▶ **EXERCISE DIRECTIONS**:
The material below holds the lines to copy: from the one with "22 Quotes to" up to and including the one with "District DT104 Perfect". Copy them exactly and skip the pictures.

[RECORD EXCERPTS — start]

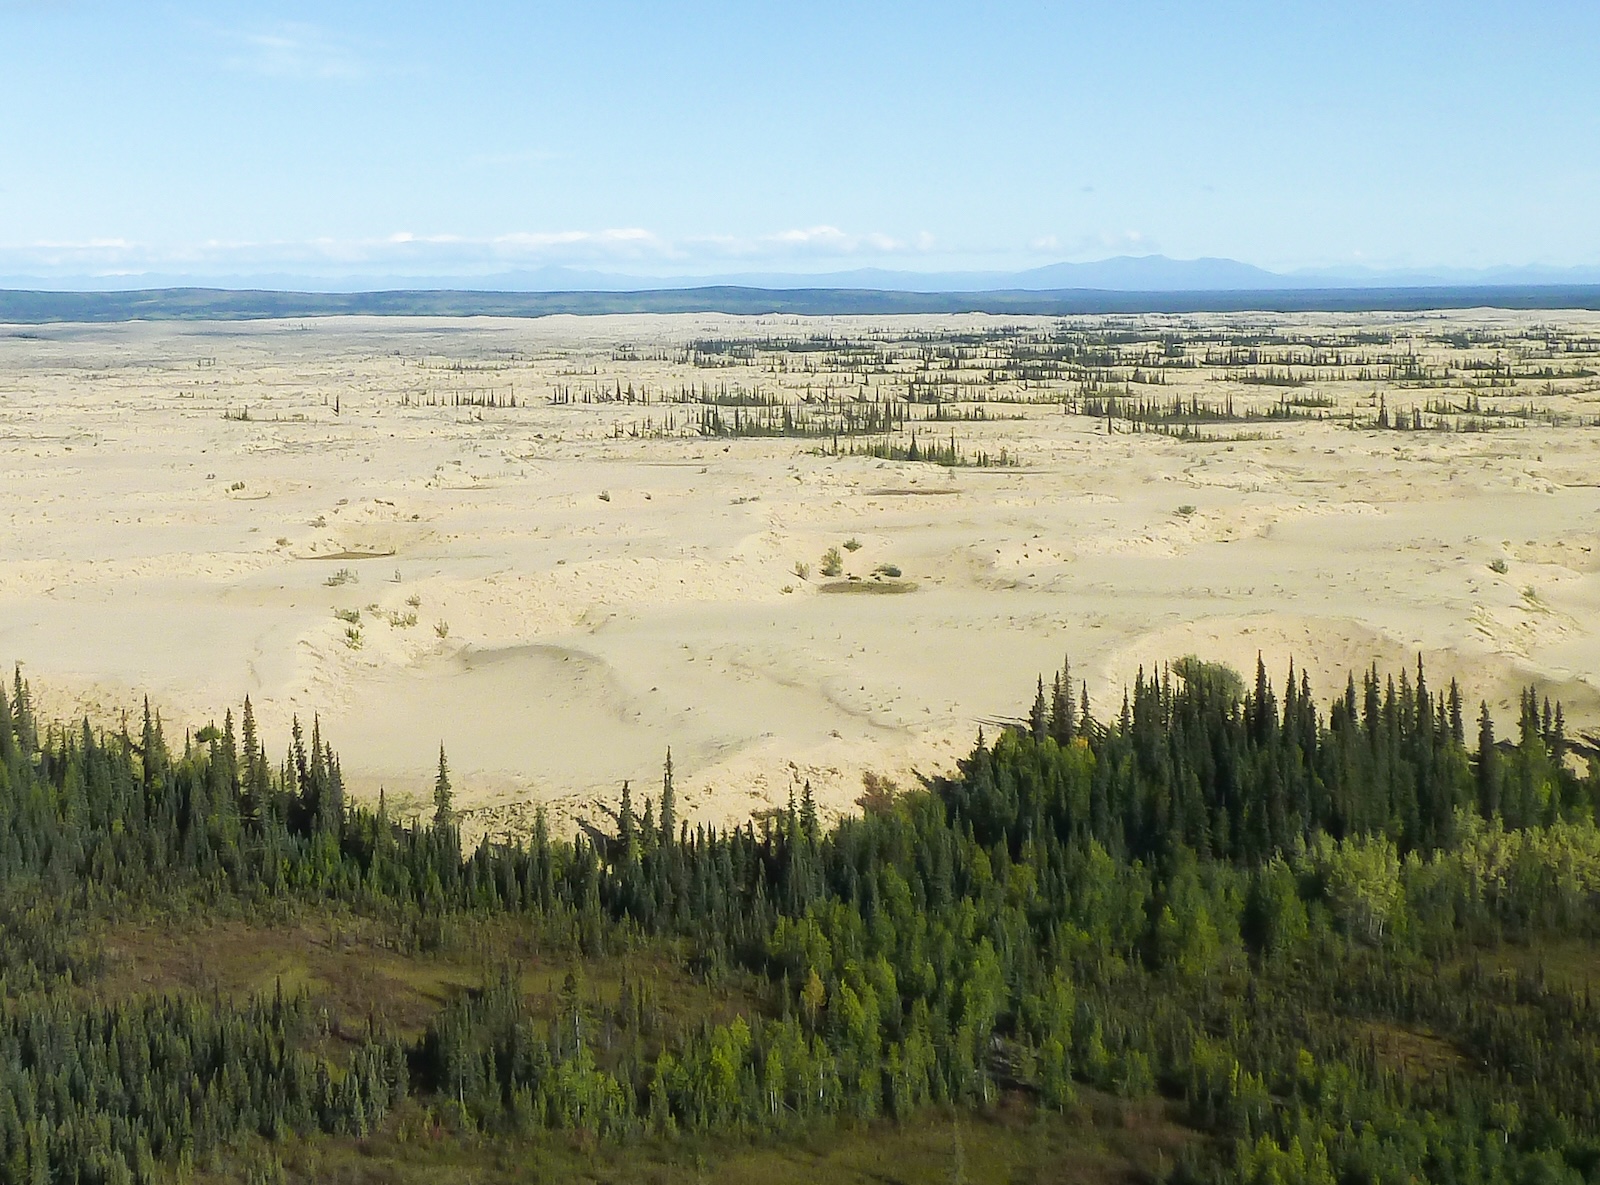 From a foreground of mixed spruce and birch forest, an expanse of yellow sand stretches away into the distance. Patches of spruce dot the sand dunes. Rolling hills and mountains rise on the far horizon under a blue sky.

[RECORD EXCERPTS — finish]
[RECORD EXCERPTS — start]

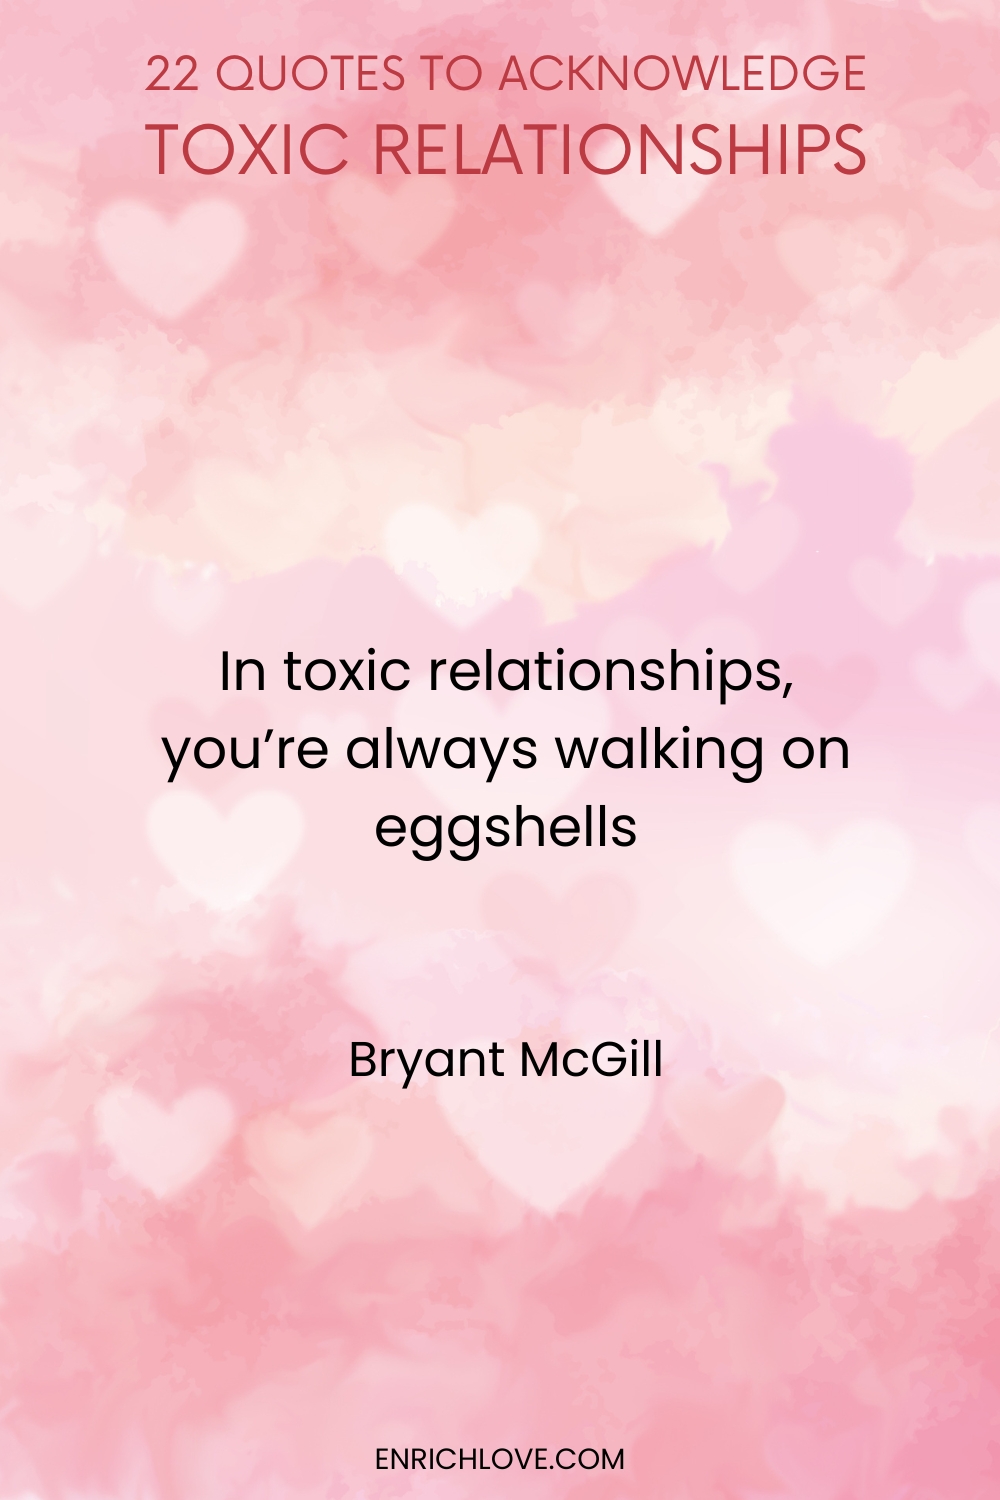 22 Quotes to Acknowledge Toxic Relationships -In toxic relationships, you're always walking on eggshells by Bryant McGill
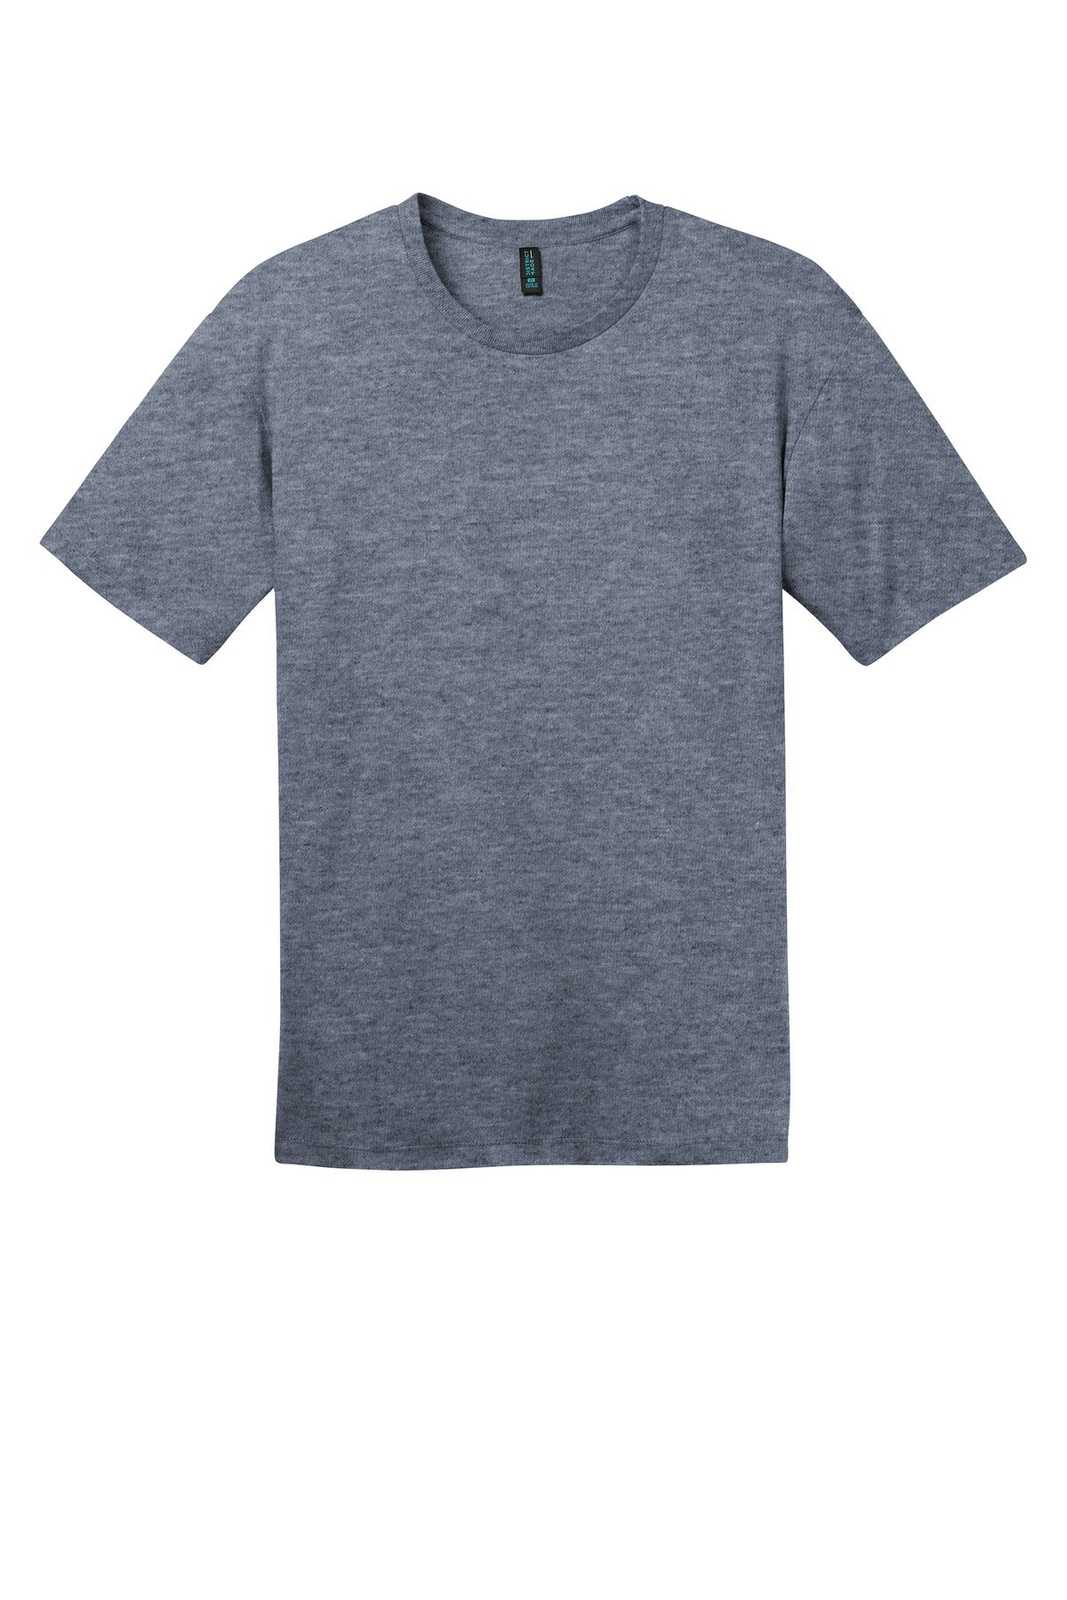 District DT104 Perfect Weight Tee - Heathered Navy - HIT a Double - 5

[RECORD EXCERPTS — finish]

▶ **RESULT FOR THIS TASK**:
 22 Quotes to Acknowledge Toxic Relationships -In toxic relationships, you're always walking on eggshells by Bryant McGill
 District DT104 Perfect Weight Tee - Heathered Navy - HIT a Double - 5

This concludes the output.